Brendan: Bellaire obviously did the color, and damn. There are a couple things I’ve come to expect in comics coloring. Fire and blood are ridiculously hard to nail, and I usually give them a bit of a pass on the realism because of it. Not here. That bonfire in the first sequence jumps off the page. You can feel the heat on your face. 

Together, Del Rey and Bellaire pulled off some amazing tricks. Reflections of fire licking glass window panes. Shadows playing on the faces of the characters on the other side of the glass? Are you kidding me?

Tony: Oh completely. I absolutely agree. I think Bellaire is one of the five best color artists in the business right now. She’s probably the most rule-breaking of them all too. Like… Marte Gracia and Tomeu Morey are recognizable instantly. They fill their books with color and light, making the art feel like the best cinematic blockbusters. Bellaire though is thoughtful, deliberate and does every project a little bit differently. She might do one story in washed out sepias and greys, while another in atmospheric reds like she does here.

That’s a long way to say, I think she’s extremely thoughtful about each project and shifts what she’s doing to match what it needs. This might be her best work from the art side for exactly that reason. I mean, who knows the mood of a story better than its writer.

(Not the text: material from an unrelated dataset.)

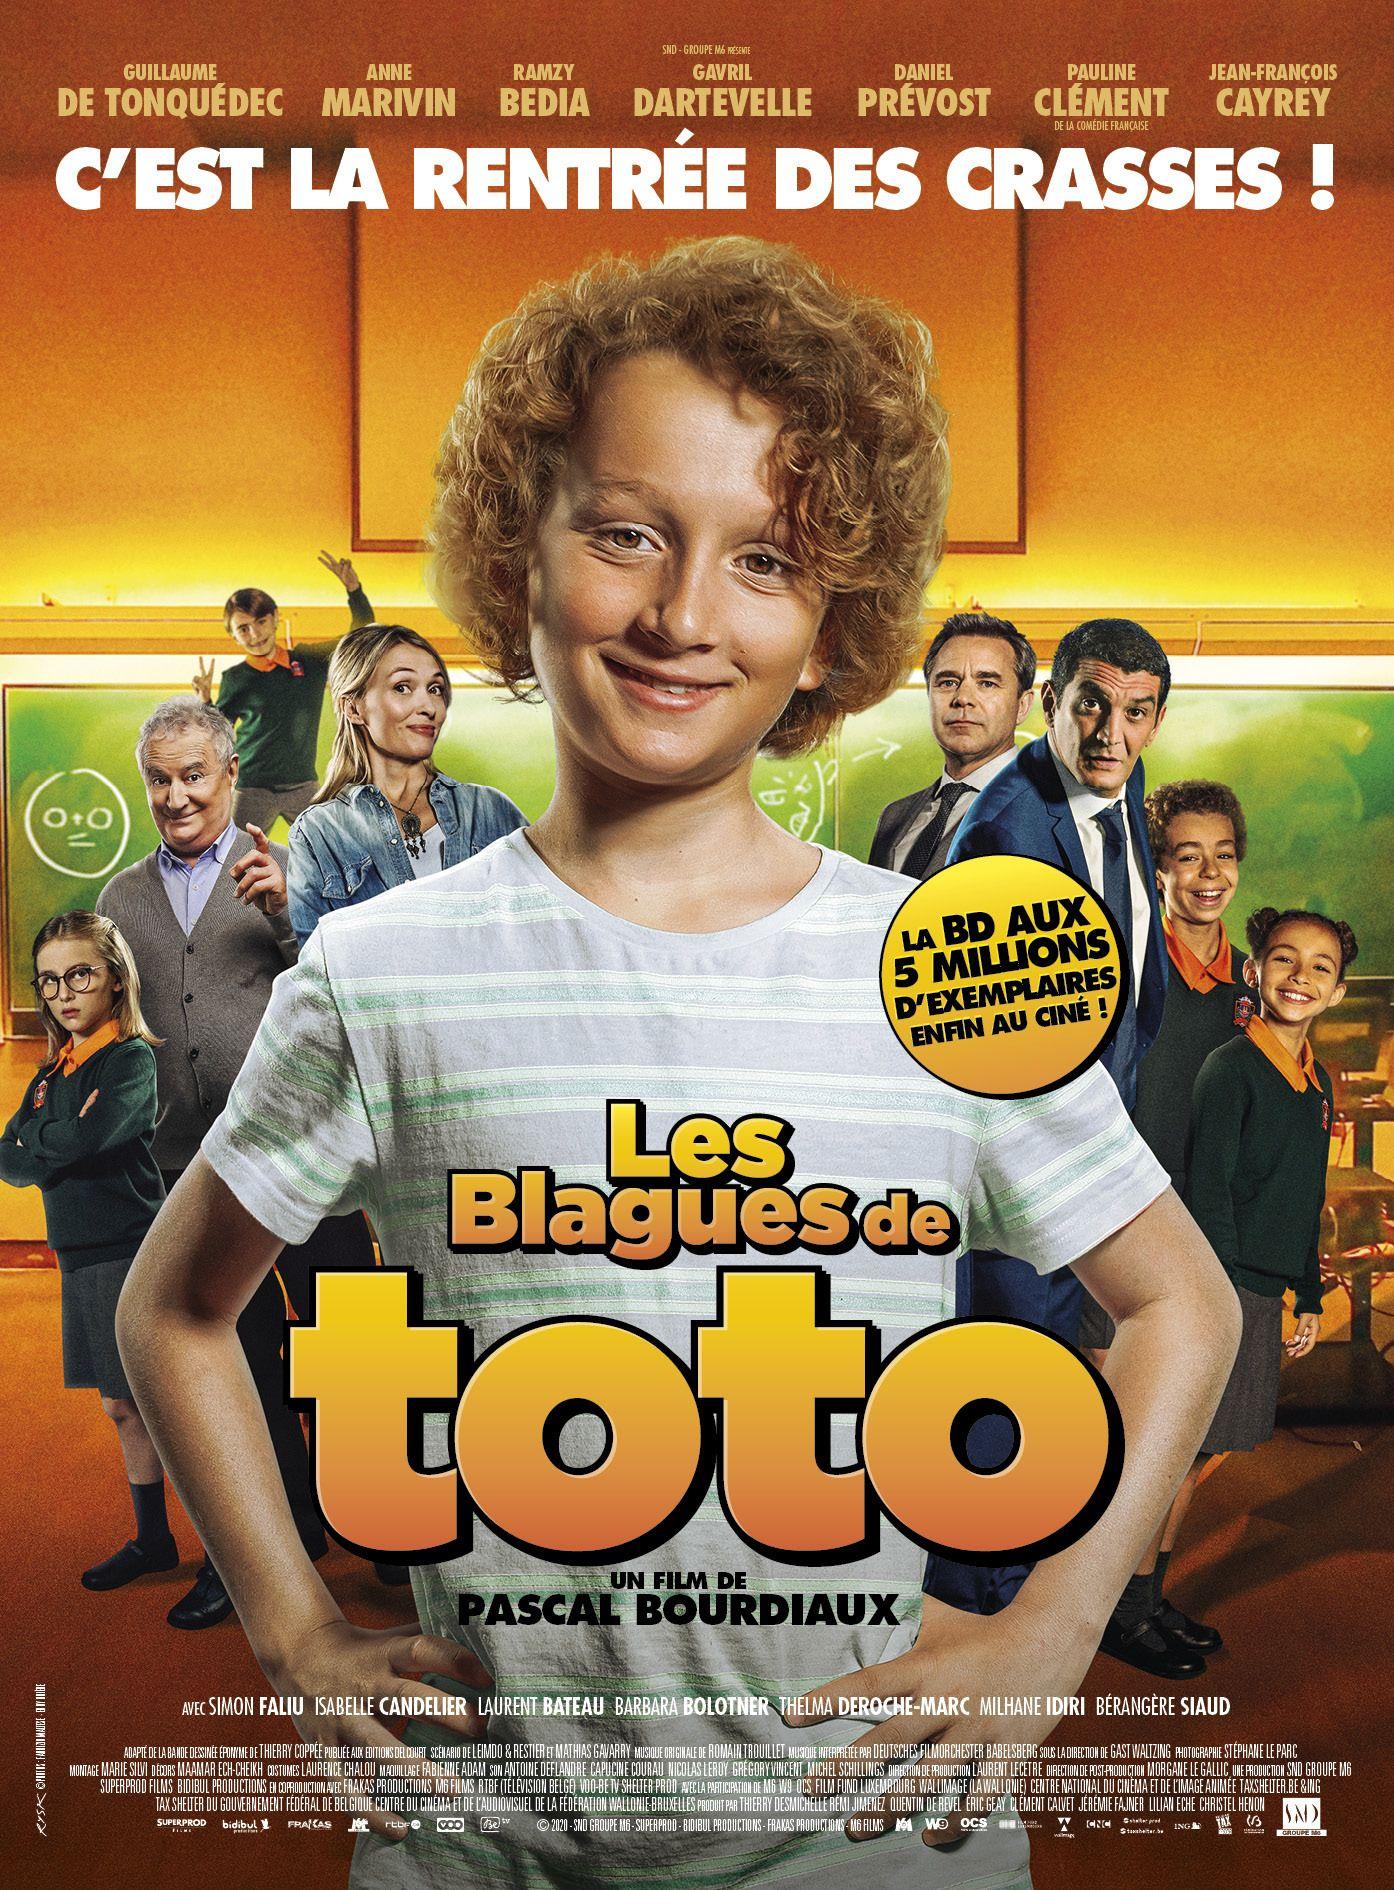 Les Blagues De Toto Blague De Toto Film Pour Enfants Films Complets

Brendan: And not for nothing, this is a mostly female team (Clayton Cowles on letters is the exception), writing a female led story, and the whole thing is fantastic. It’s a big ball of feminist/occult/crime procedural horror. 

I should probably mention this definitely isn’t an all ages title. There is quite a bit of nudity, sex, gore, and graphic violence.

Tony: Yeah, this isn’t the most gruesome story we’ve read but this is the one that I think is most “reader discretion advised.”

Brendan: I actually forgot about some of the more intense stuff until I got pretty deep into this volume. None of it really felt gratuitous, though. 

All that being said, where’d you land on Redlands Vol. 1?

Tony: I don’t think I’m going to revisit this volume anytime soon, but am I going to check out the rest of the story? Absolutely. This is pretty must-read for any comics fan, but especially for horror fans.

Brendan: Fair. What’s on queue for next week?

Tony: We’re going to visit one of my favorites that I’ve picked up recently- Memetic by James Tynion IV and Eryk Donovan!